WHAT TO DO:
Starting at the line that holds "7 Langkah Mengatasi Writer's Block", restate every line word for word up to and including the last one in the listing below, and omit all pictures.

DATASET EXTRACT:
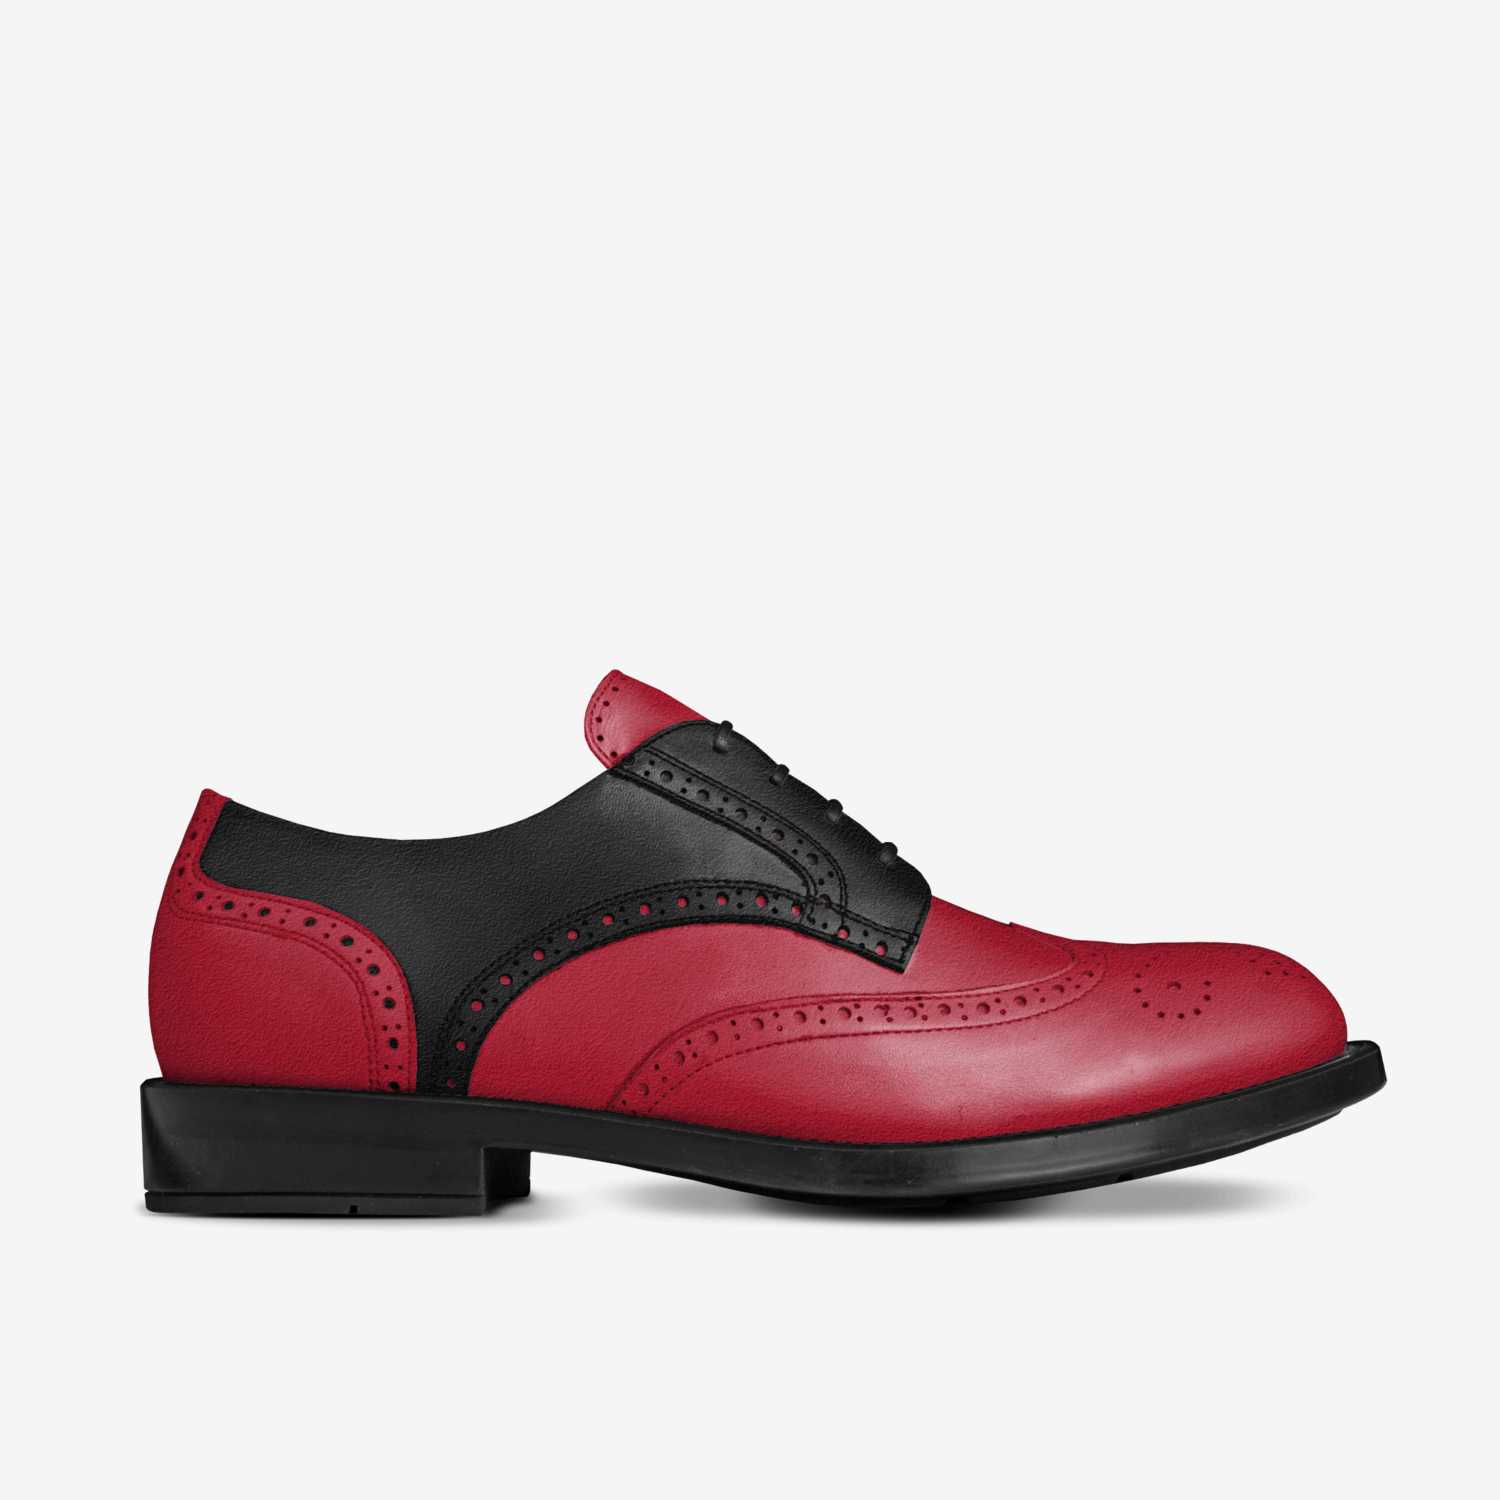 RDynasty custom made in Italy shoes by Leirbag Zeugirdor | Side view
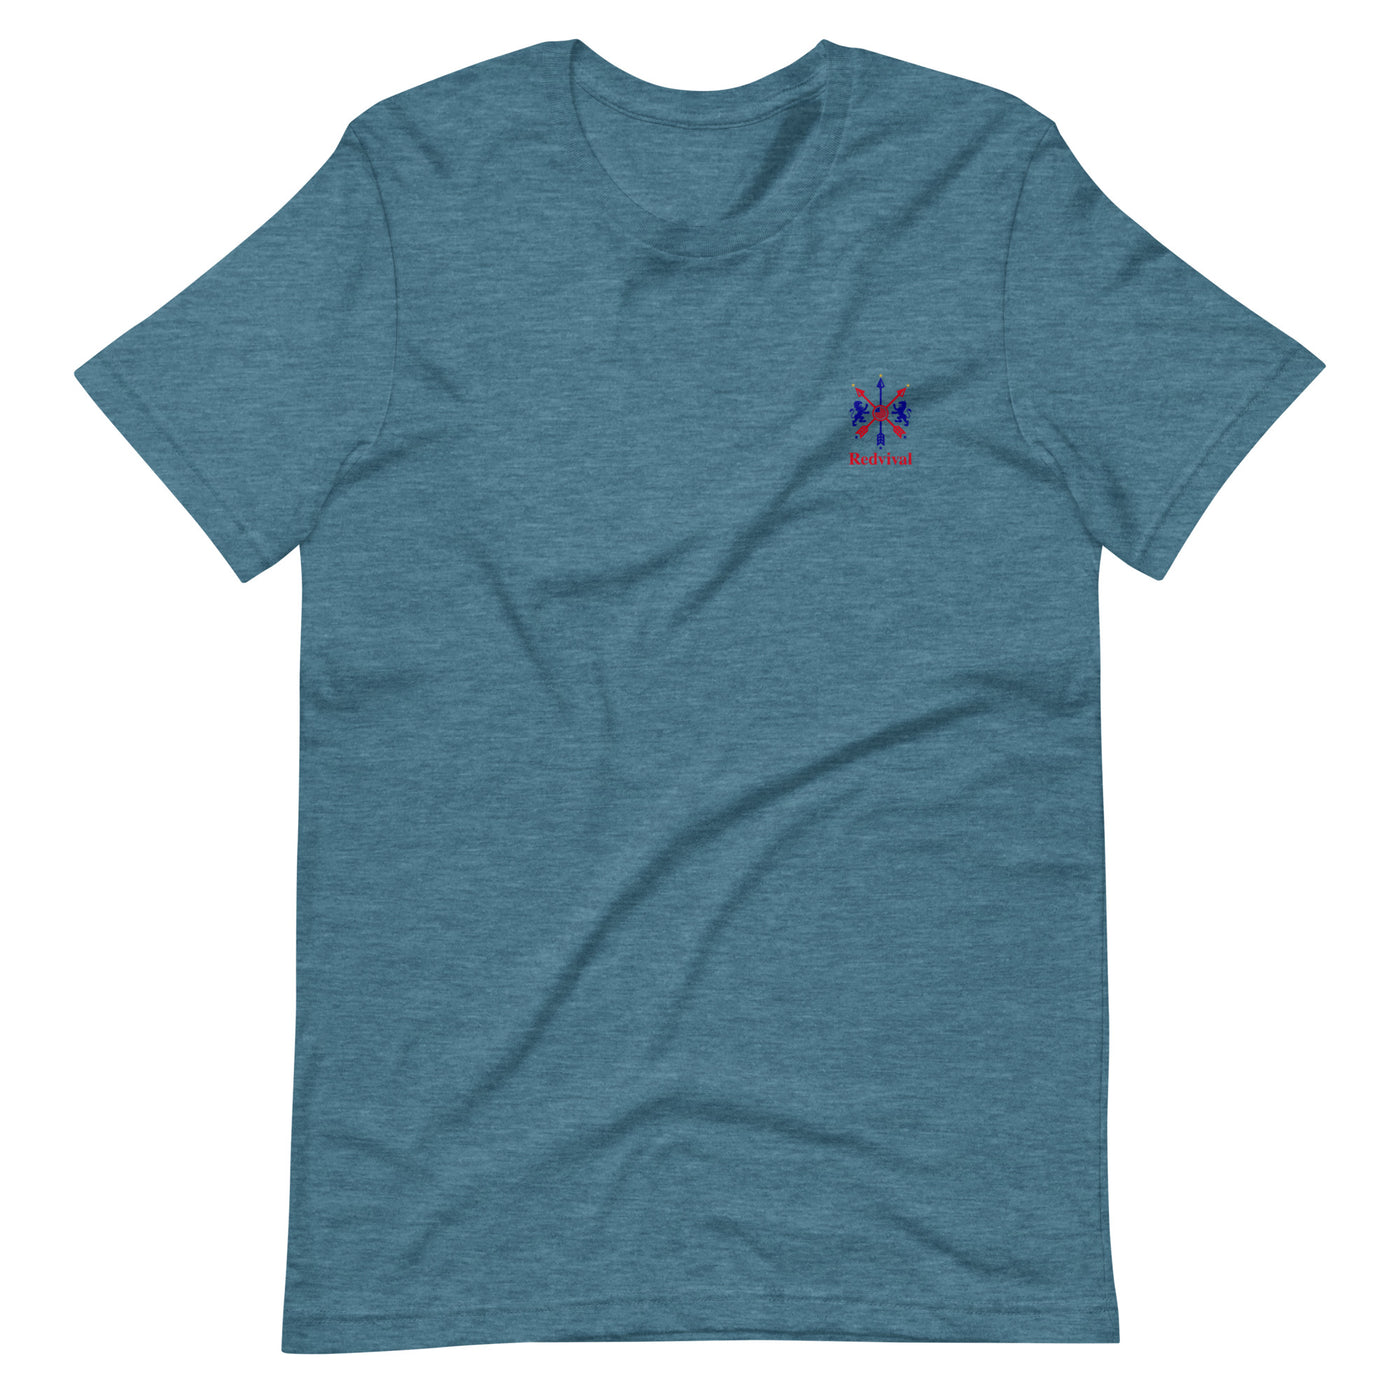 Mahi - Unisex t-shirt
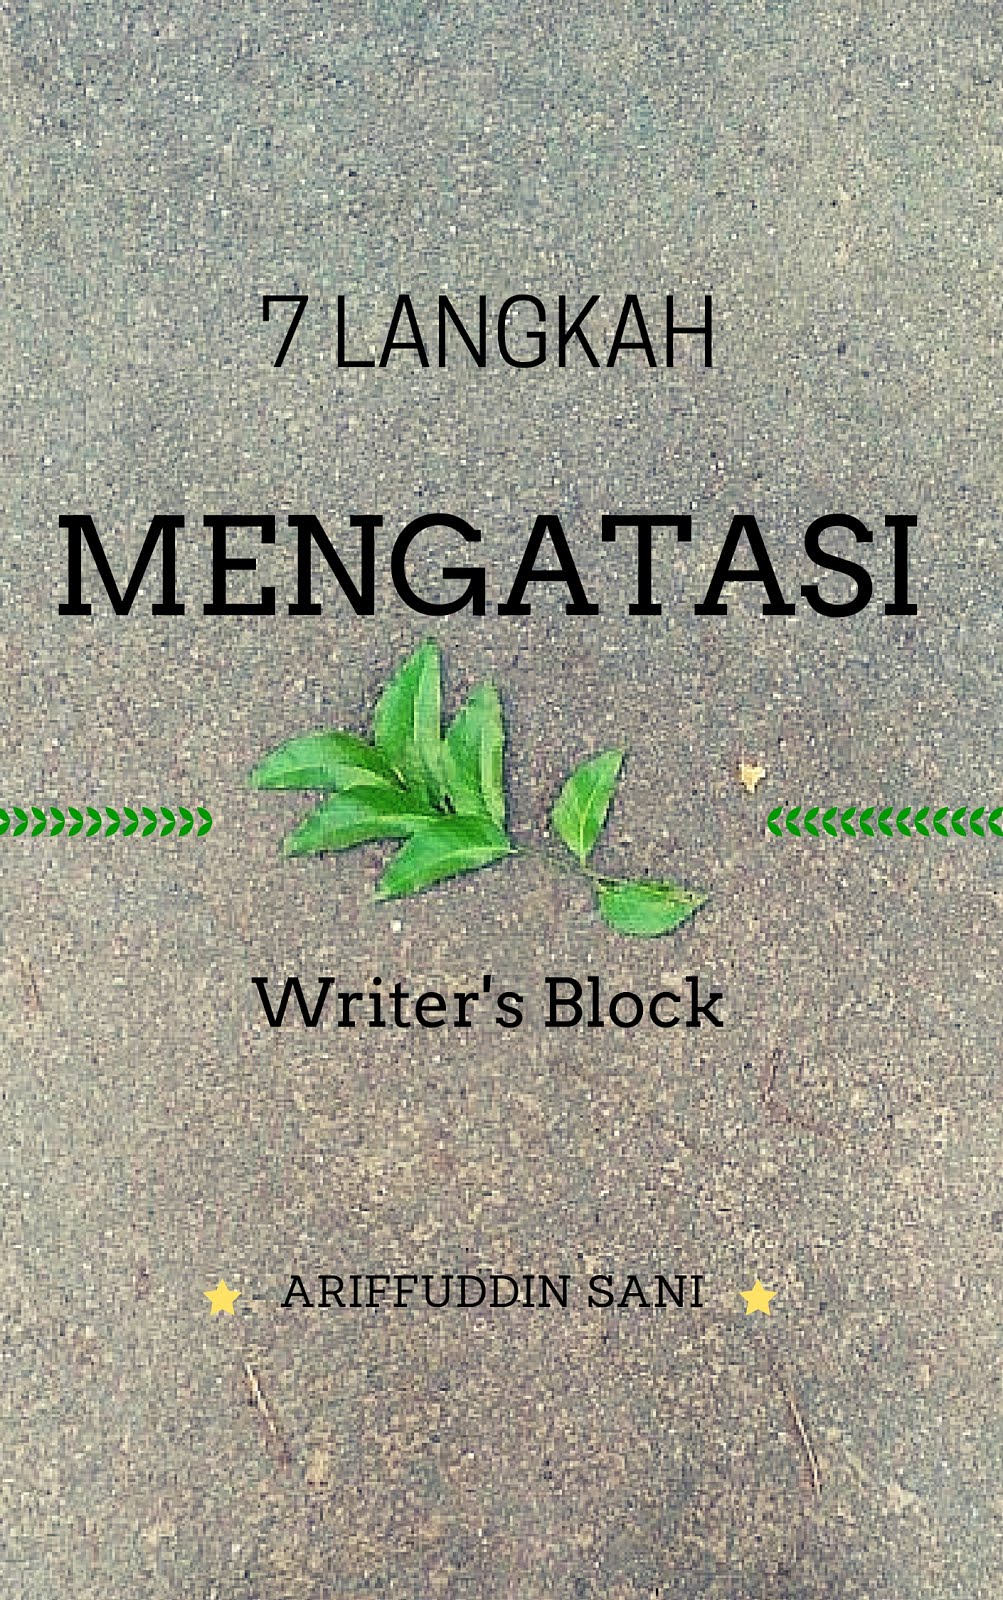 7 Langkah Mengatasi Writer's Block
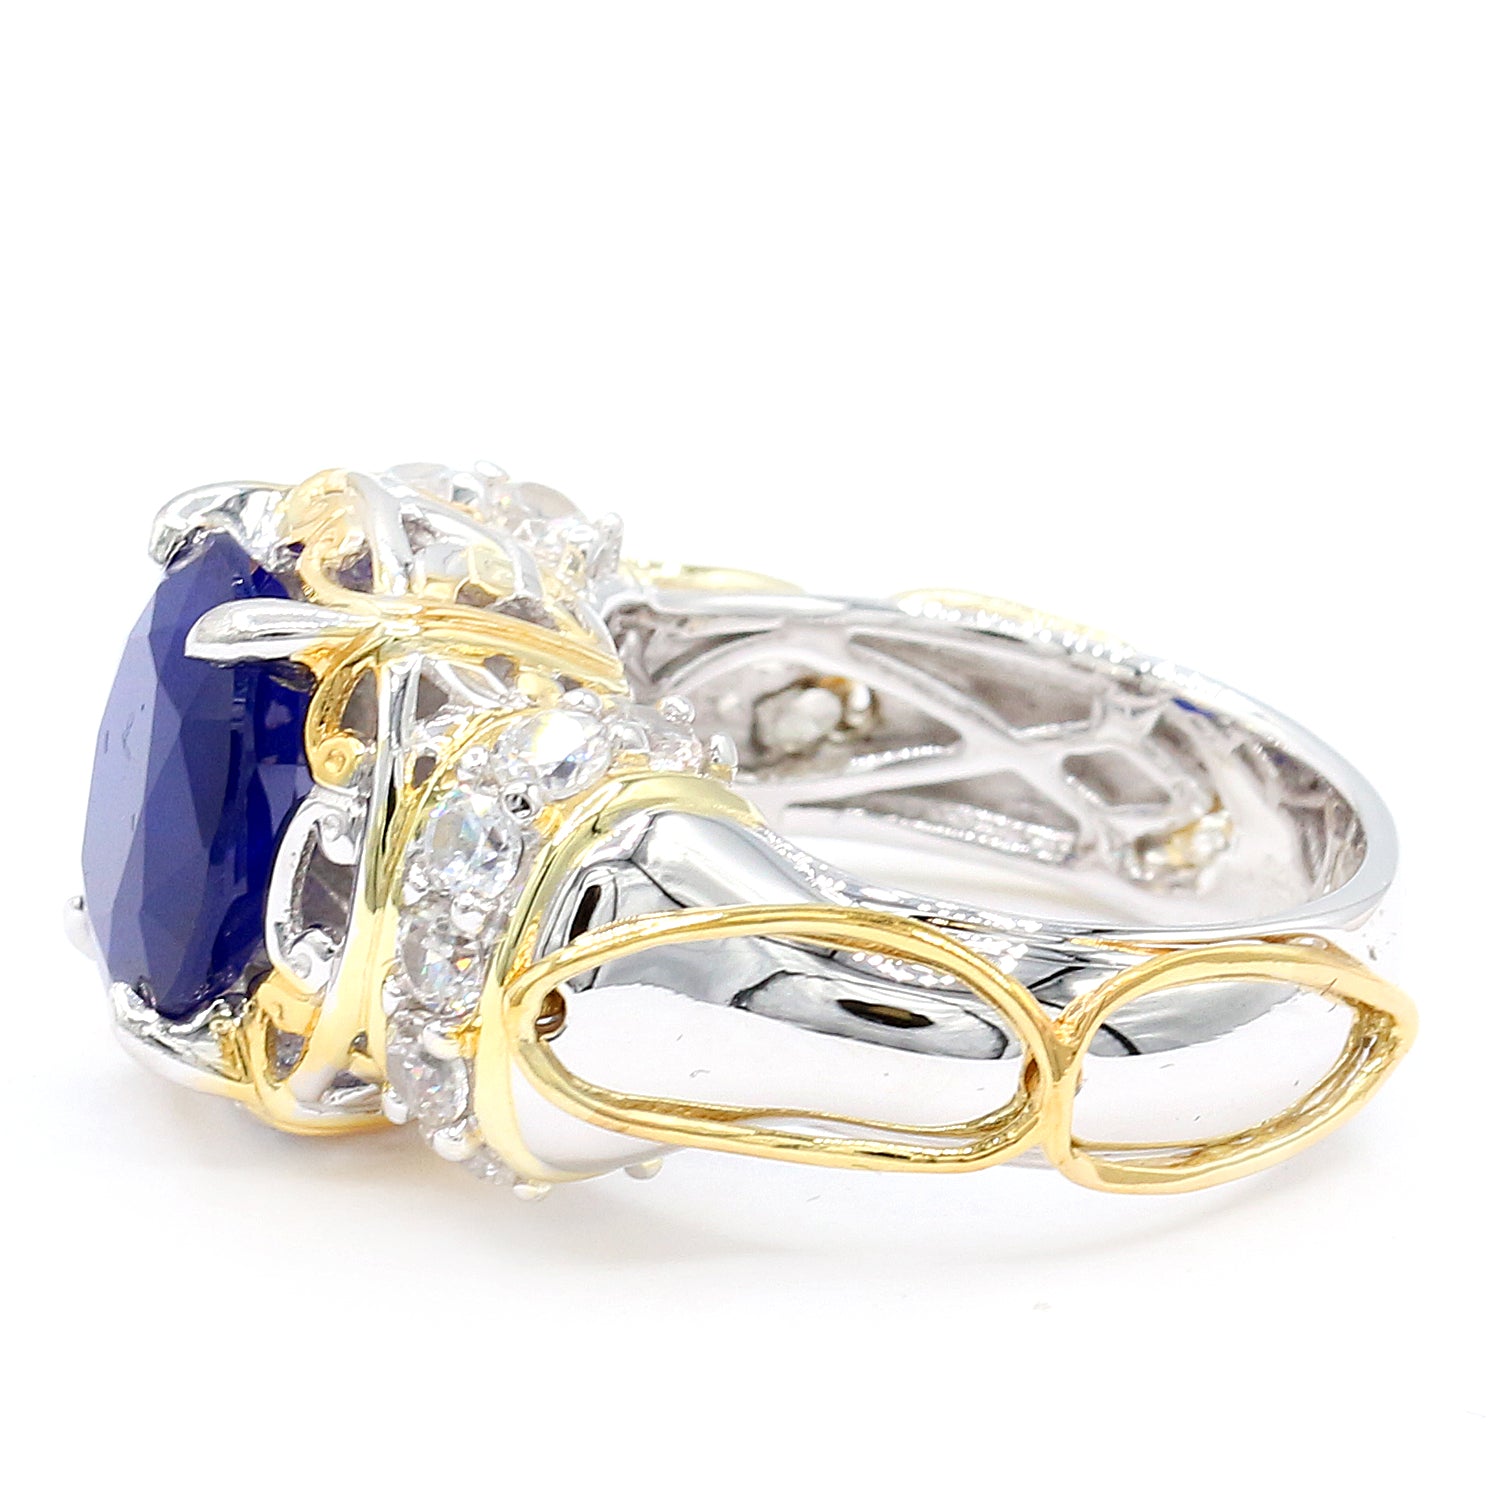 Limited Edition Gems en Vogue 6.10ctw Cobalt Blue Spinel & White Zircon Ring

RESPONSE:
 7 Langkah Mengatasi Writer's Block
 Limited Edition Gems en Vogue 6.10ctw Cobalt Blue Spinel & White Zircon Ring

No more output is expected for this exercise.